» What is required: Start at the line with "Bacon Wrapped Appetizers Cream Cheese" and print every line through the end of the material below. Keep it exact and free of pictures.

» Provided data:
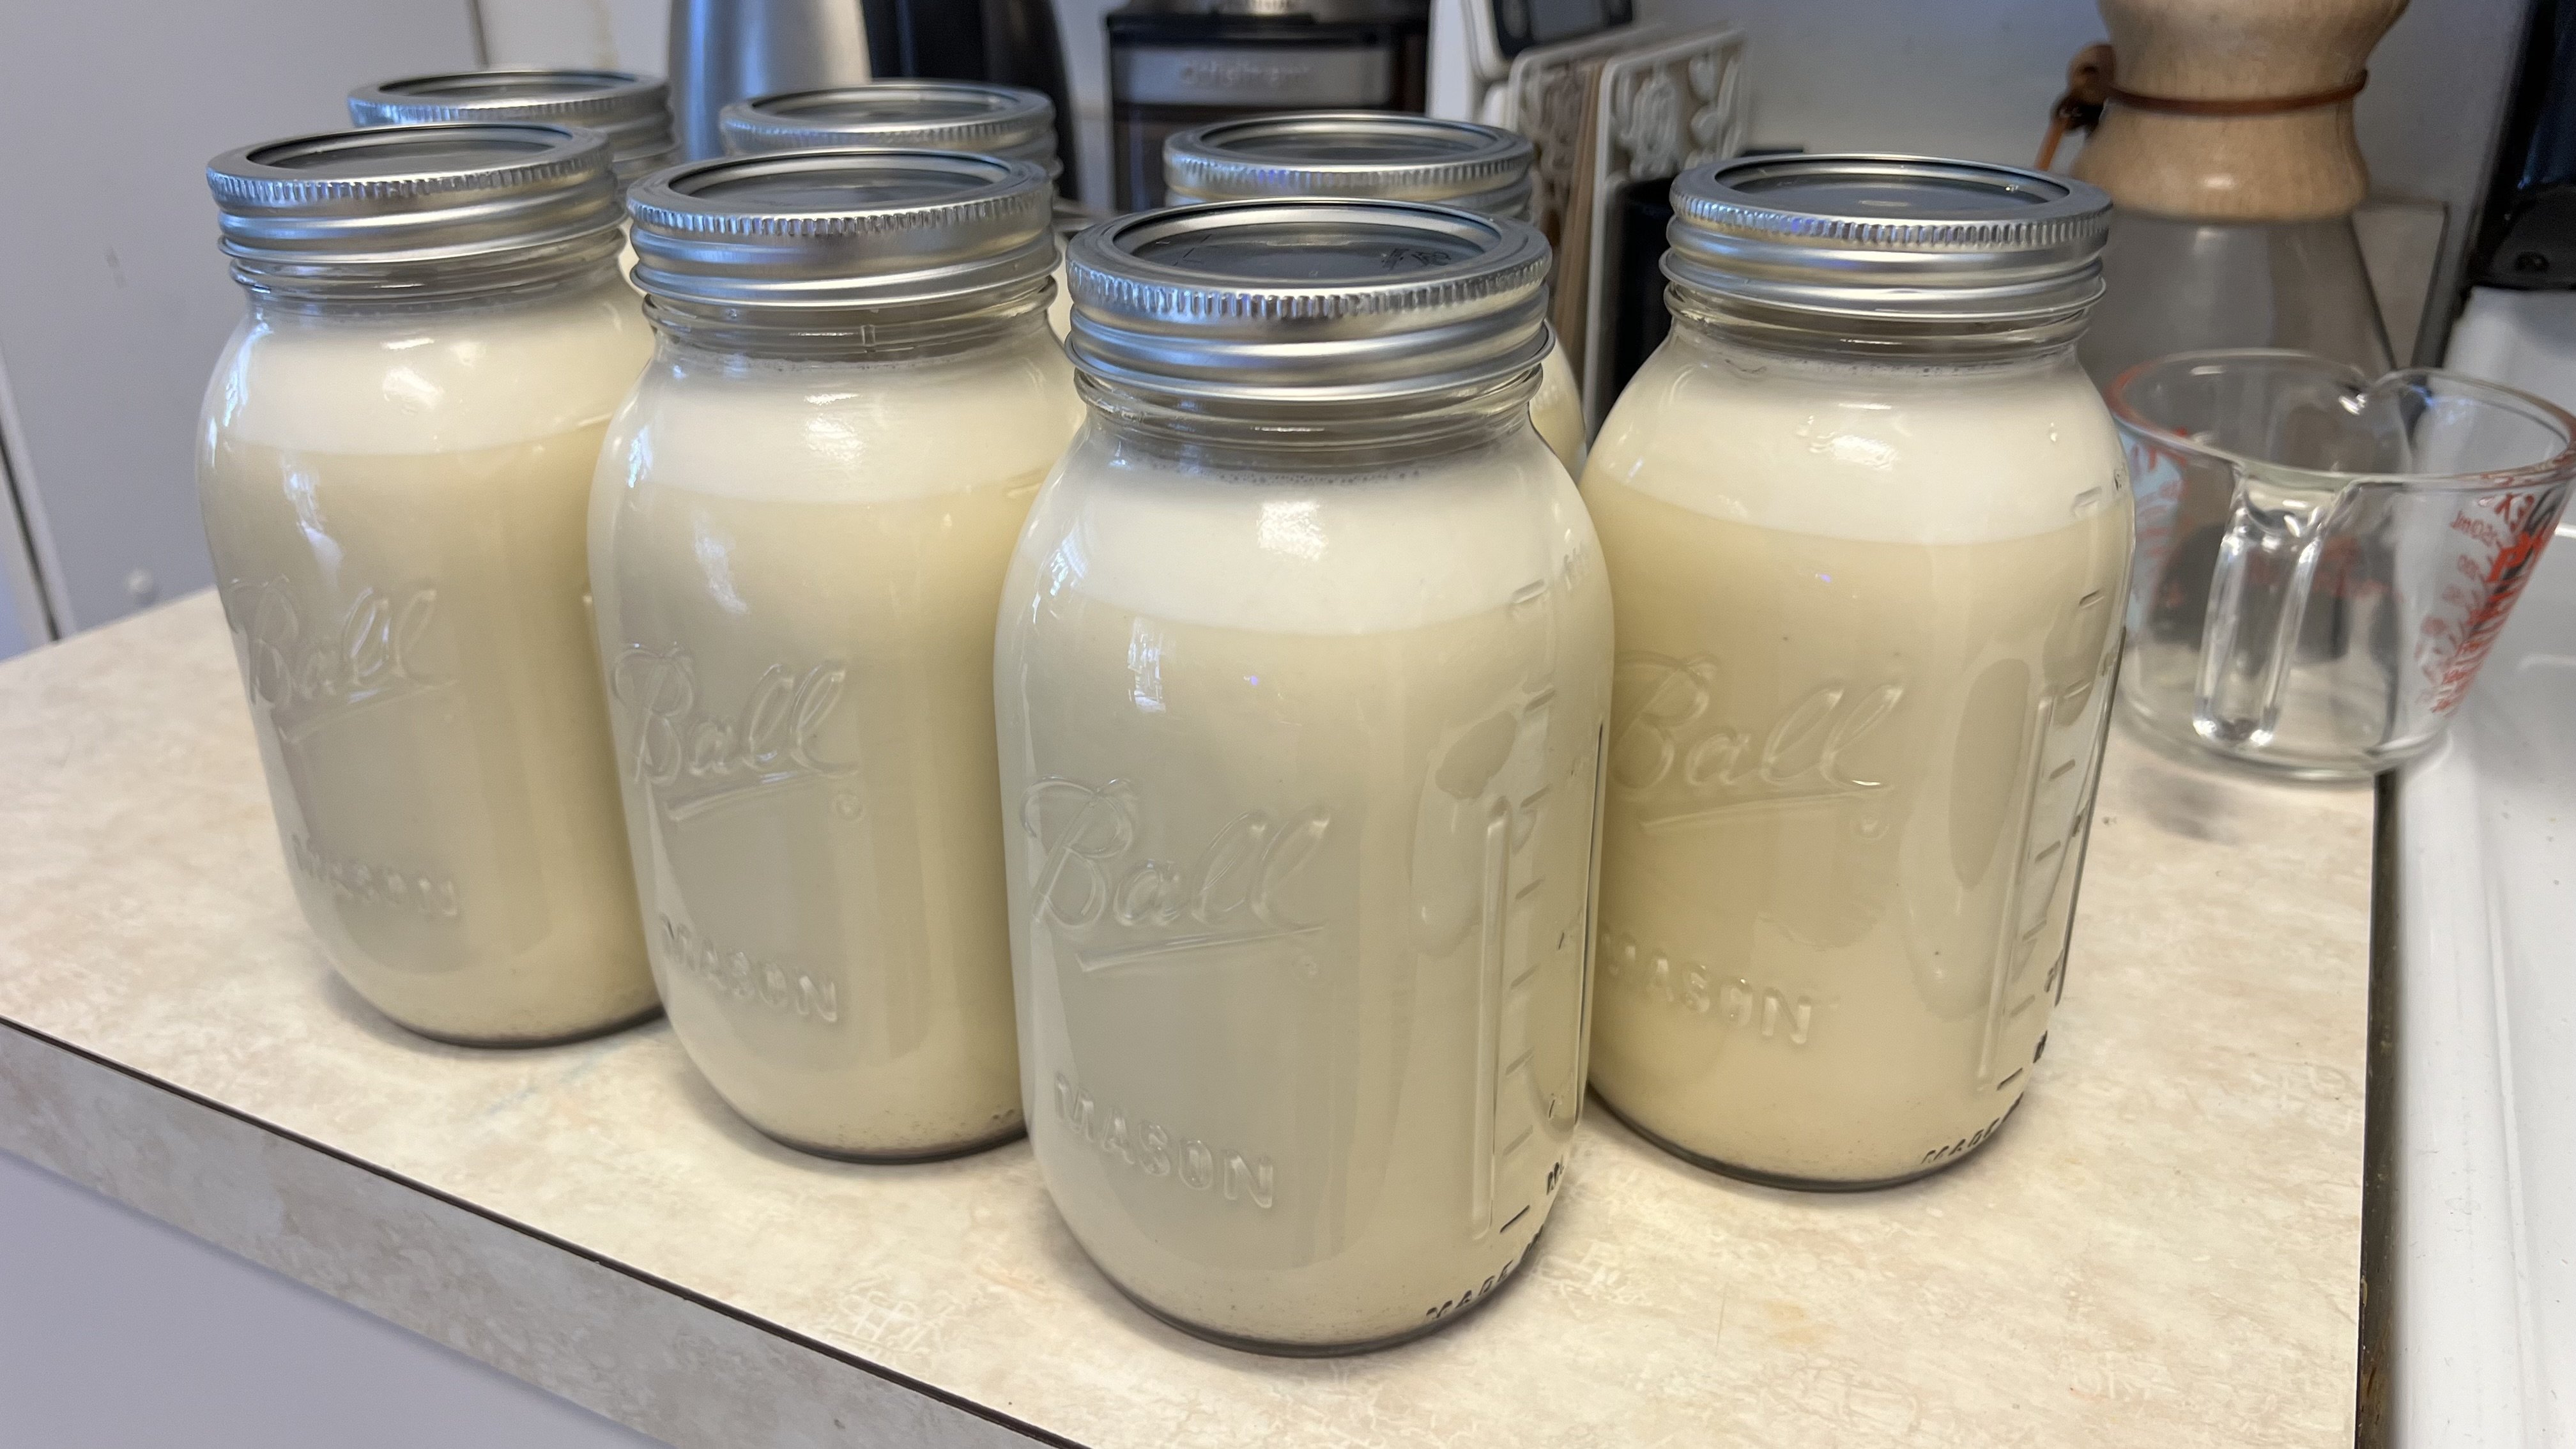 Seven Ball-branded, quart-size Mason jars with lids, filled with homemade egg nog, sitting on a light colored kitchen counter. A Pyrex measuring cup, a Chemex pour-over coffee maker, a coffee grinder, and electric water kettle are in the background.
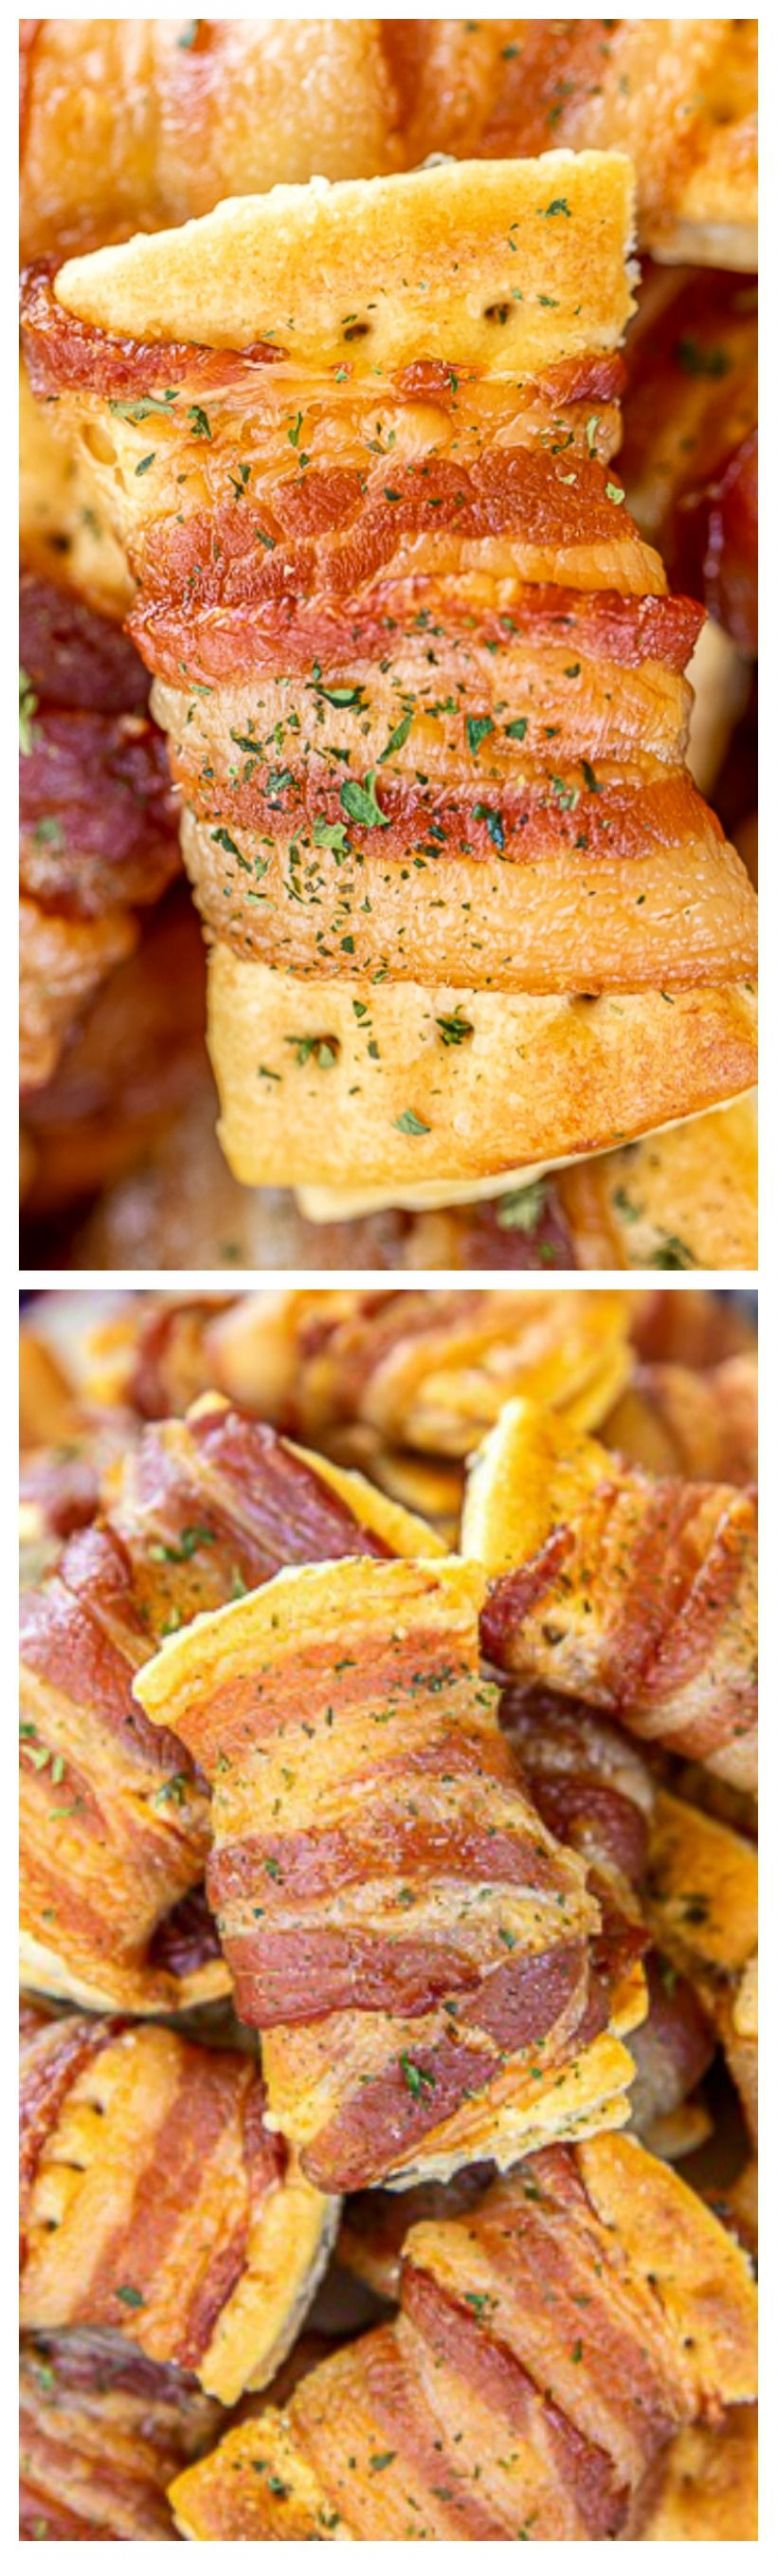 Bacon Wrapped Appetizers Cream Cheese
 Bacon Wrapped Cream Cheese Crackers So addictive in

» Response for this exercise:
 Bacon Wrapped Appetizers Cream Cheese
 Bacon Wrapped Cream Cheese Crackers So addictive in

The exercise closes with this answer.